Вскоре тряска стала легче. Рассвело. Мысли об оставленном военном лагере, не отступавшие ни на минуту, постепенно отпускали Петра. Он уже менее ожесточённо думал о неудачнике Августе, о женоподобном чванливом Огильви, о неприятной суете Меншикова — о том, что стояло пока перед глазами и что постепенно, с каждой верстой, отступало, бледнело, в то время как иные помыслы, о делах, ждущих его в Москве, овладевали им и с обстоятельной неторопливостью укладывались в ряд, строго по срочности, по важности, но ещё экстреннее — по душевному зову.
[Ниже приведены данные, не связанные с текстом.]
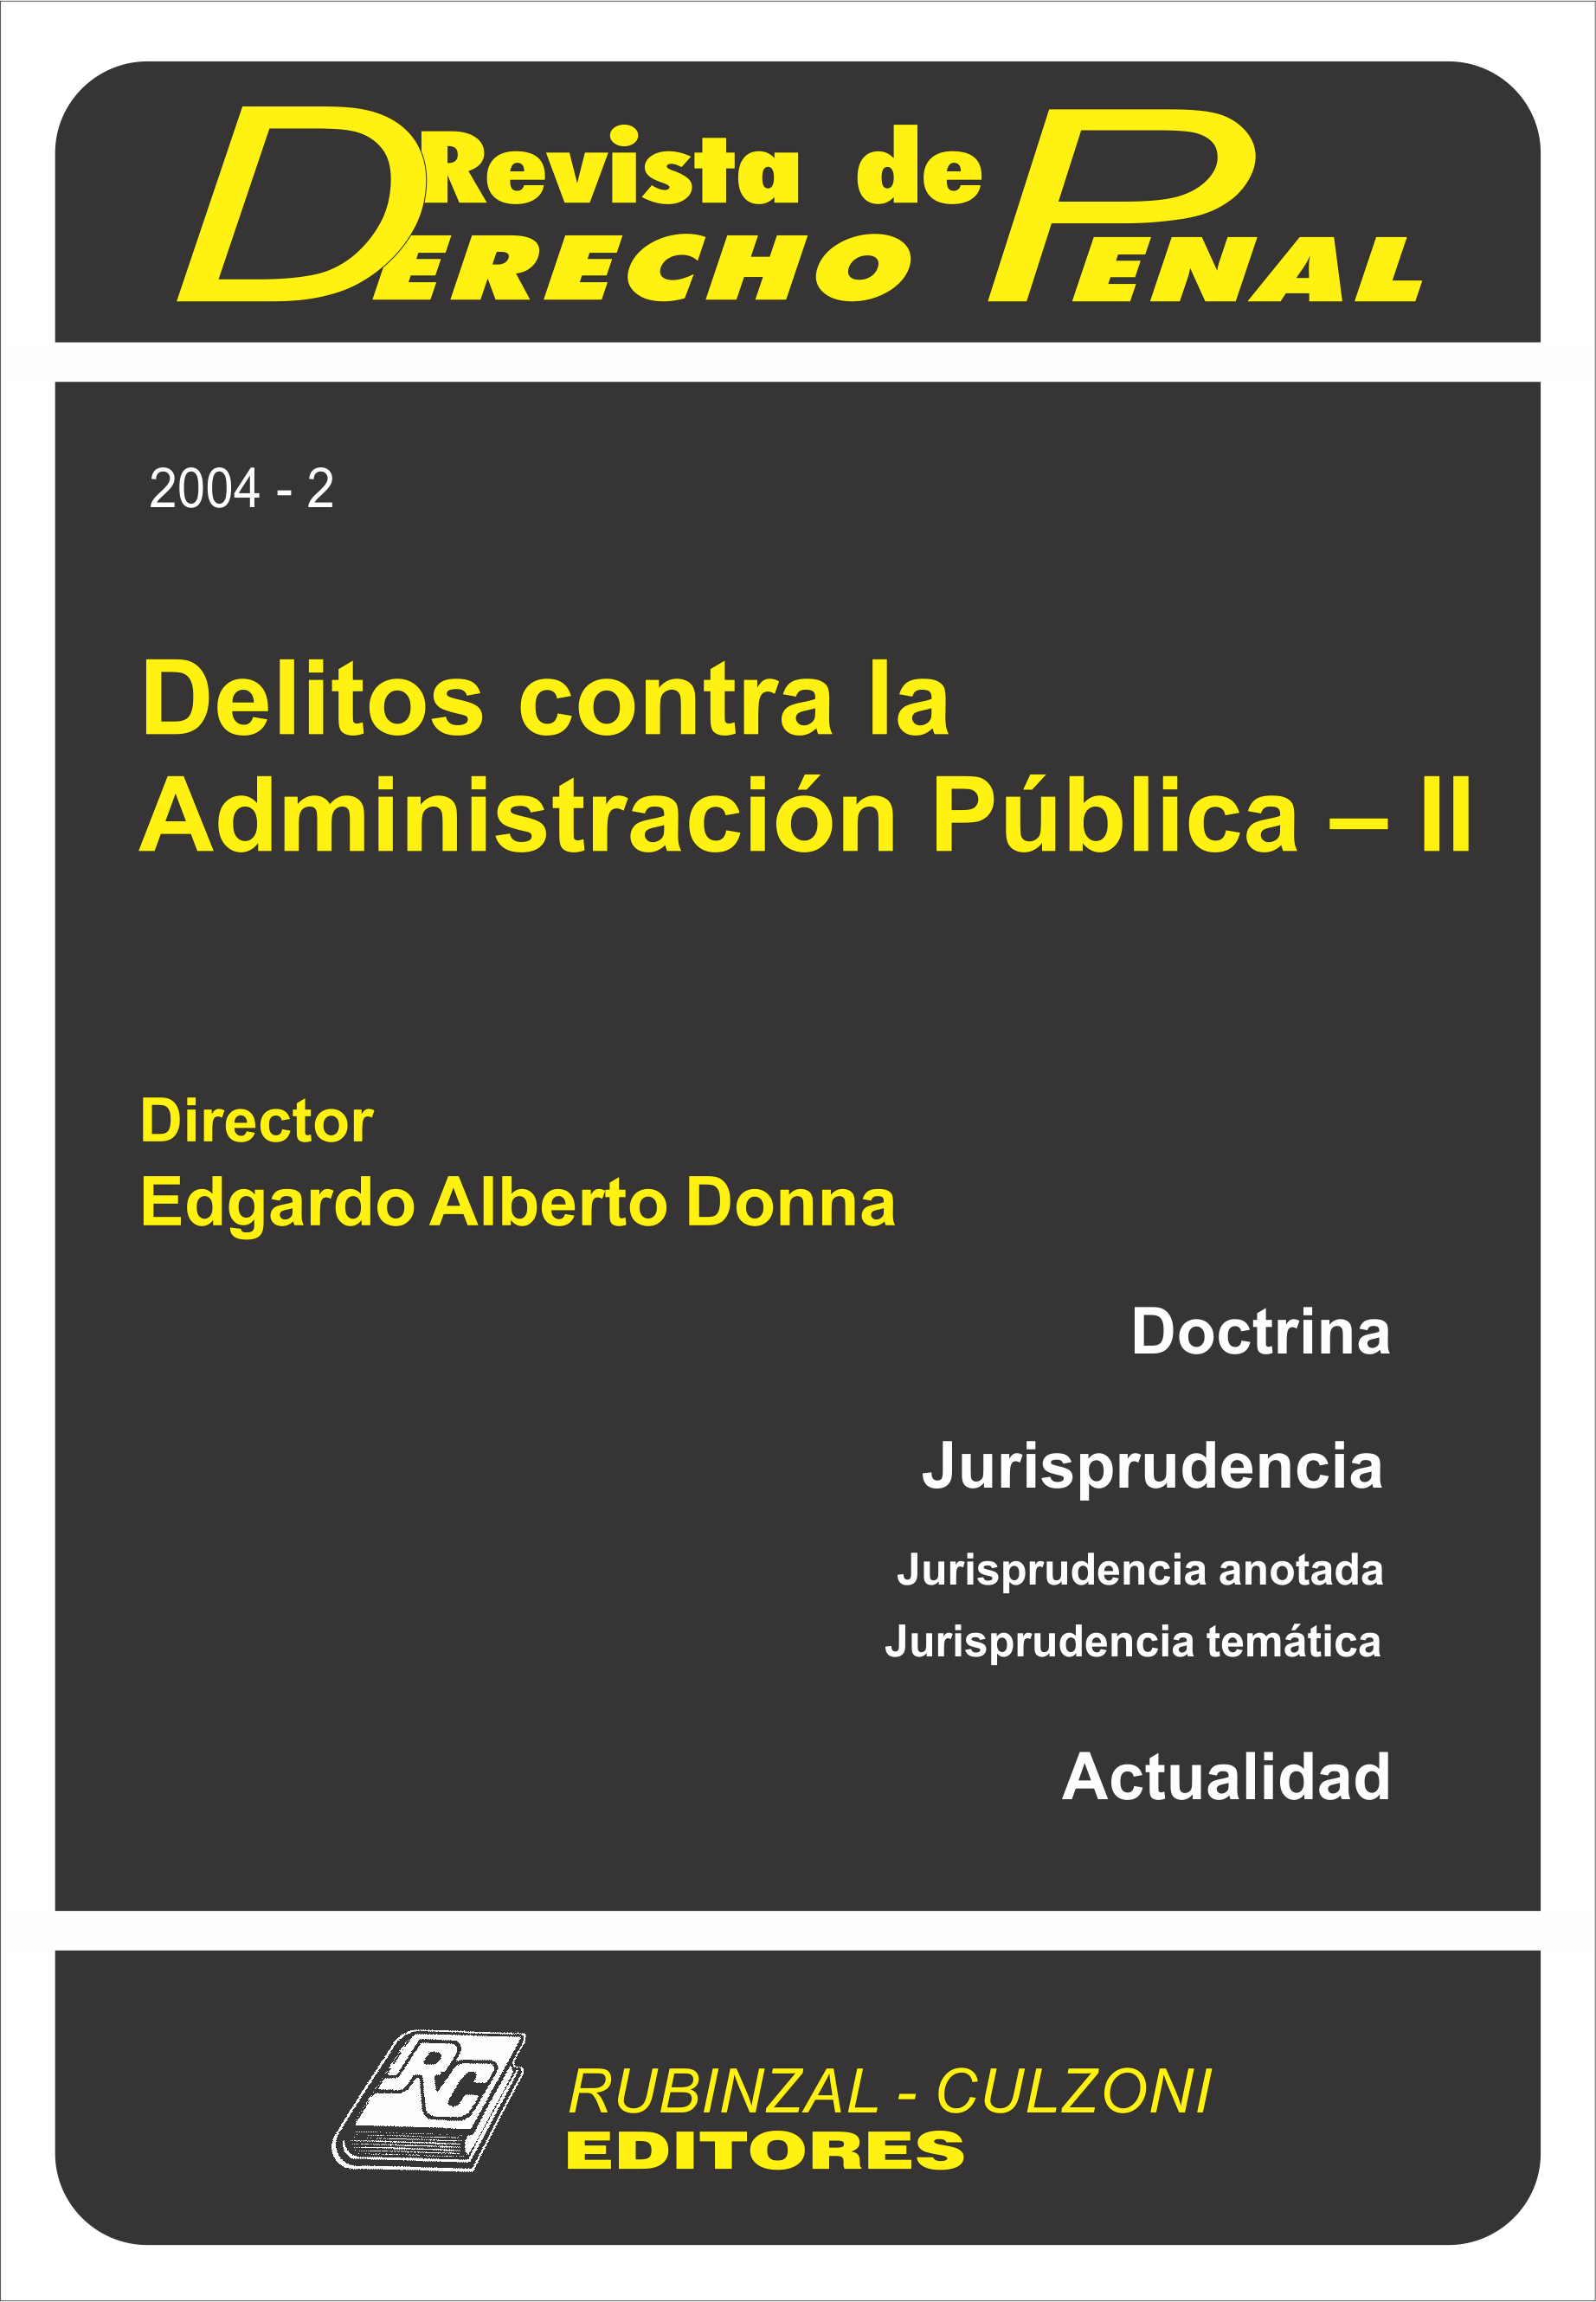 Revista de Derecho Penal - Delitos contra la Administración Pública - II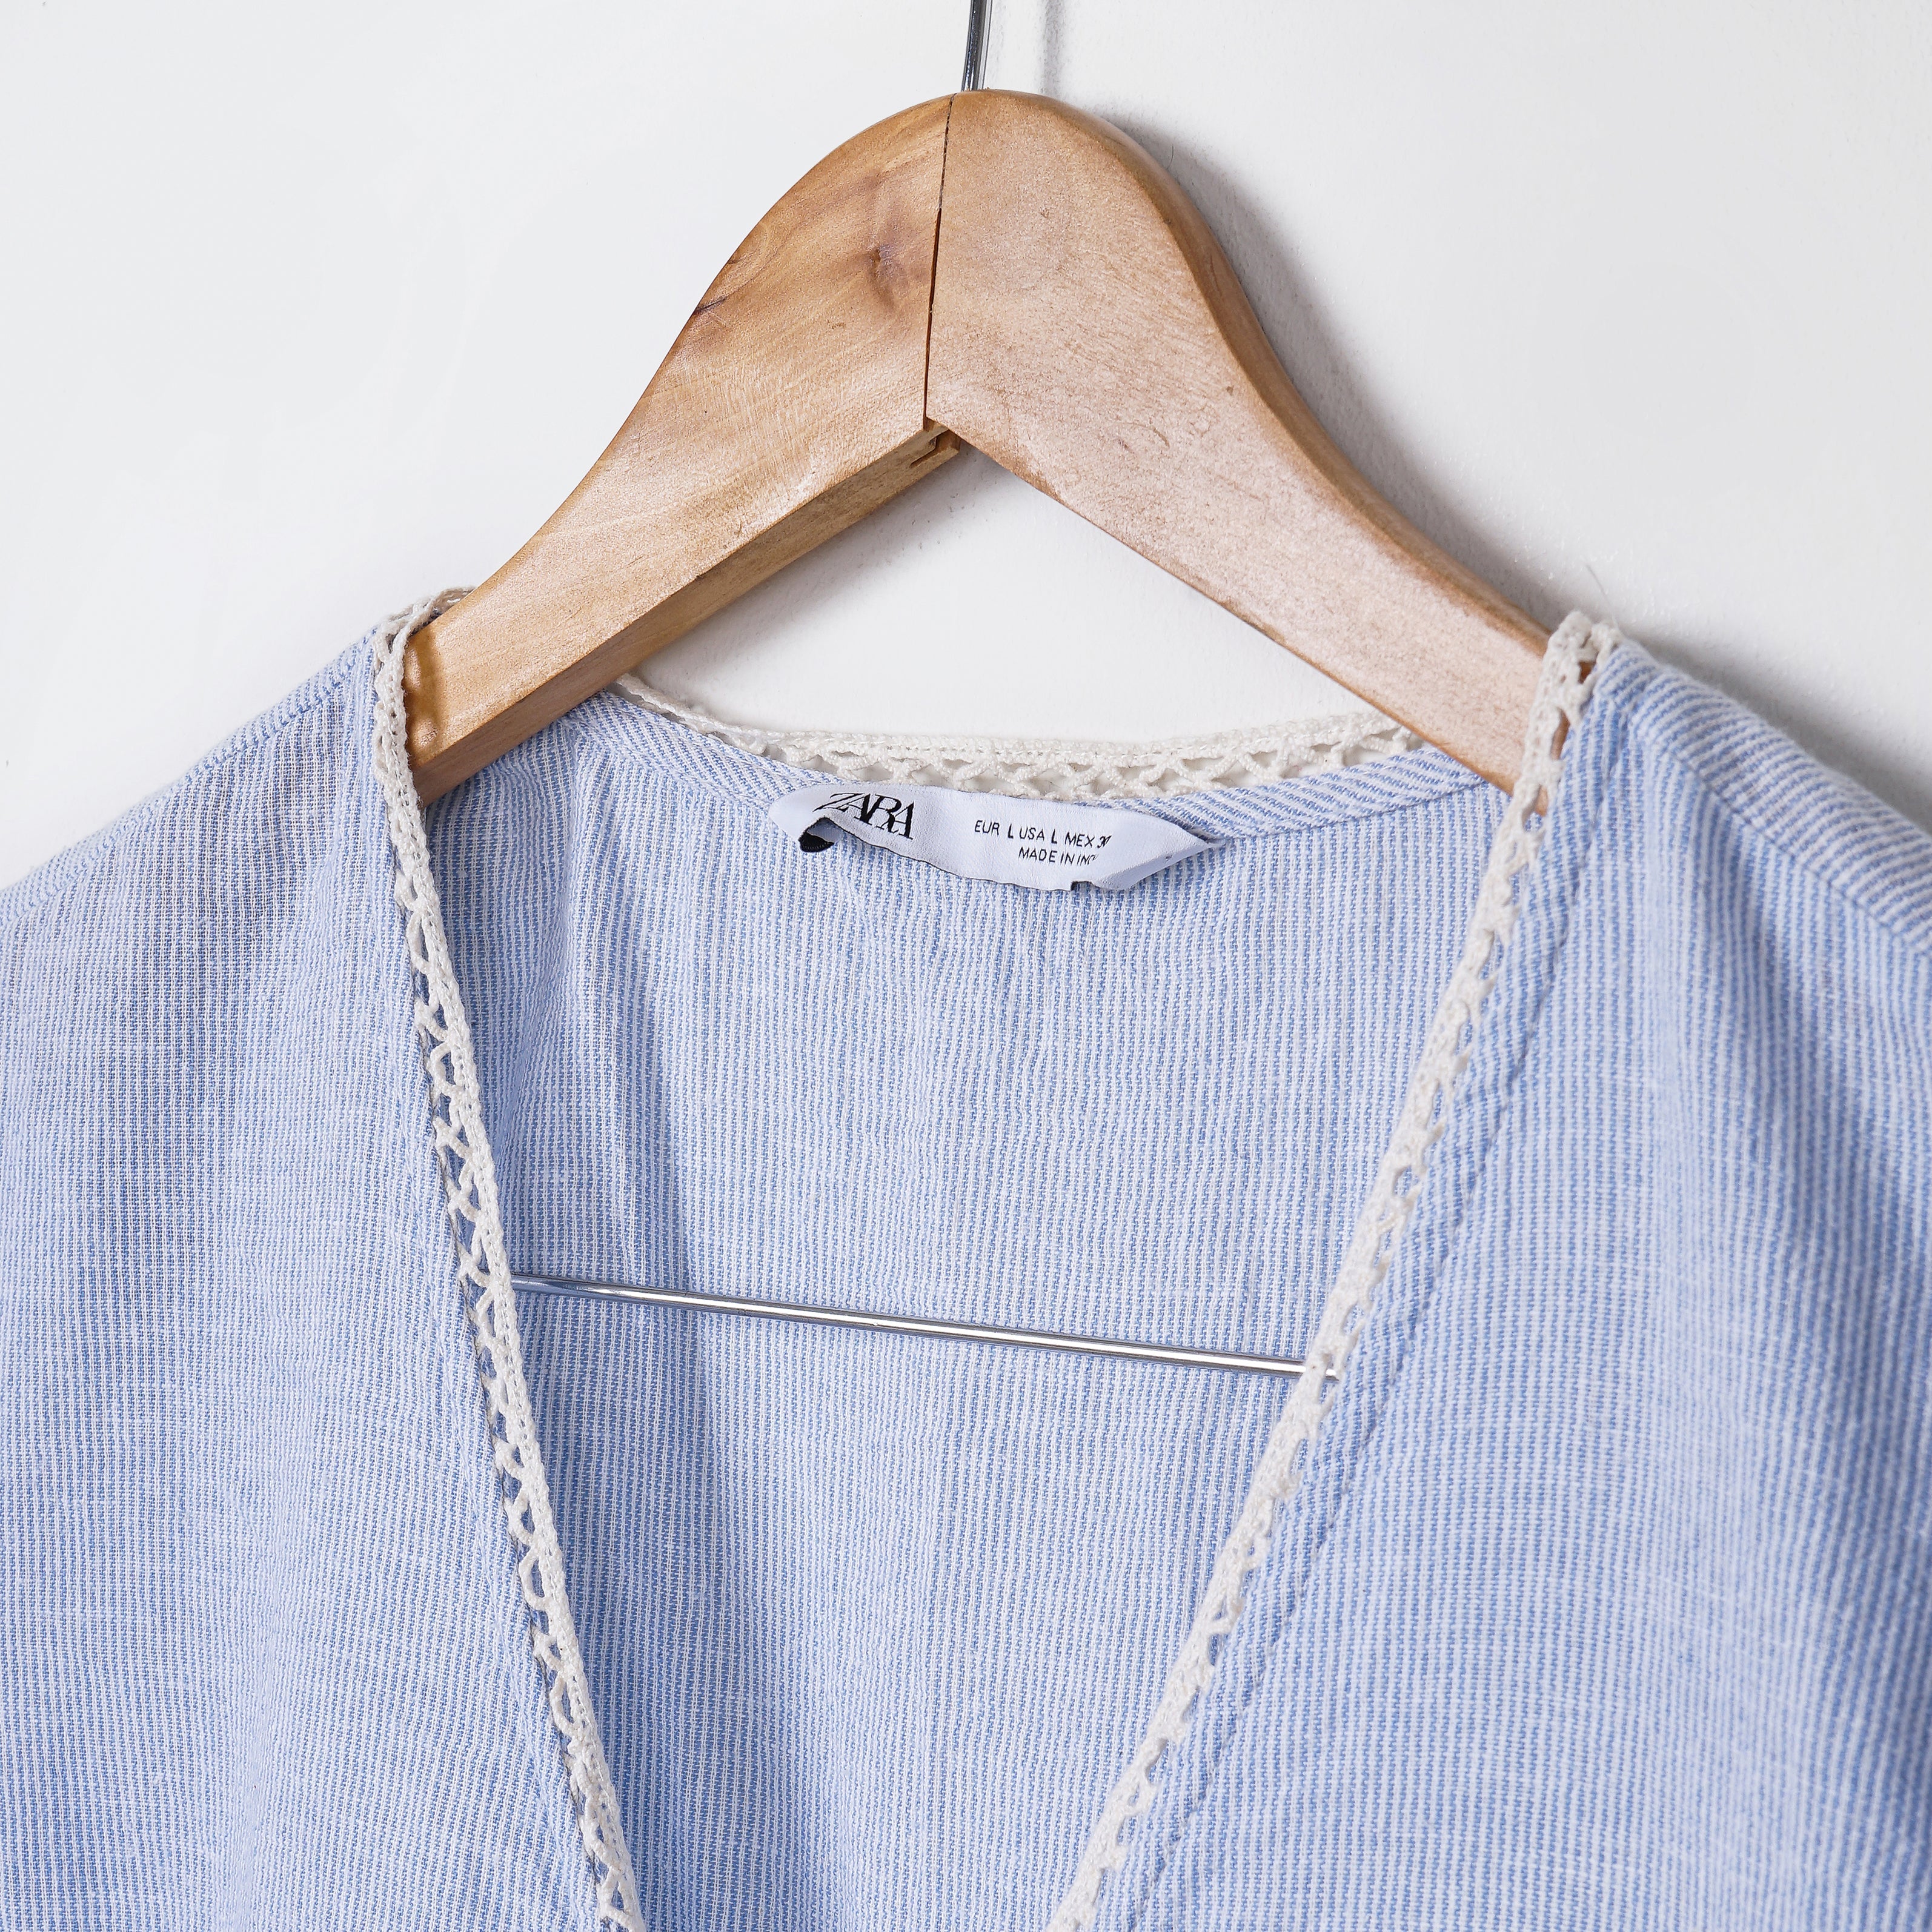 Zara Stripped Dress with Crochet Buttons - Marca Deals - Zara

Ожесточение против неустроенности российской жизни и русского дремотного характера тотчас отступали, как только он вспоминал многочисленный ныне отряд ретивых прибыльщиков-доброхотов, желавших помочь казне, а ещё более желавших выбиться в новые люди, если уж и не вровень с Меншиковым, то по крайней мере с Курбатовым. Пётр любил получать их письма, сотни писем, наполненных порой такими несуразными прожектами, что самому всешутейному собору убиться — не придумать смешнее. На своих дипломатов он тоже не мог обижаться. Есть у него Шафиров, слава богу. Такой наморщит толстую переносицу, уставит глазищи, потрясёт в смешке подбородком — и верит Европа, что Россия имеет сто тысяч готового войска иноземного строю… А где оно, это войско? Где взять людей на всё? Стройка в Азове, в Питербурхе, в Таганроге, в Воронеже. Уже заложено Адмиралтейство, на Котлине — крепость. Хватит ли сил? По себе ли, Пётр Алексеев сын, рубишь ты дерево? — снова жалило его сомнение. Сколько было потеряно напрасно сил, времени, денег! В Азове без дела гниёт флот. Канал, что должен был сомкнуть две реки великие — Волгу и Дон, брошен работными людьми, все разбежались, разбрелись по степи розно. Виниус, толковый старик, железо нашёл в Уральской горе, заводы заводить надобно, железоделательные мануфактуры, а где людей взять? А на севере заложен завод Петровский — тоже люди надобны. Люди. Деньги. Деньги. Люди…

Совсем рассвело. Декабрьская заря разбрызгалась из-под низкой облачности, слабо тронула розовиной слюду в зарешечённых окошках и дверце крытого возка. Туда, навстречу заре, летел царёв возок, и хоть далеко ещё до Москвы, но душа уже там, с теми, кого давно не видел. В этот рассветный час ему думалось просторно, ёмко даже о самых серьёзных и самых интимных делах. Он был рад, что его тень — Головкин — отправился вперёд и не маячит перед ним на сундуке, не мешает мыслям.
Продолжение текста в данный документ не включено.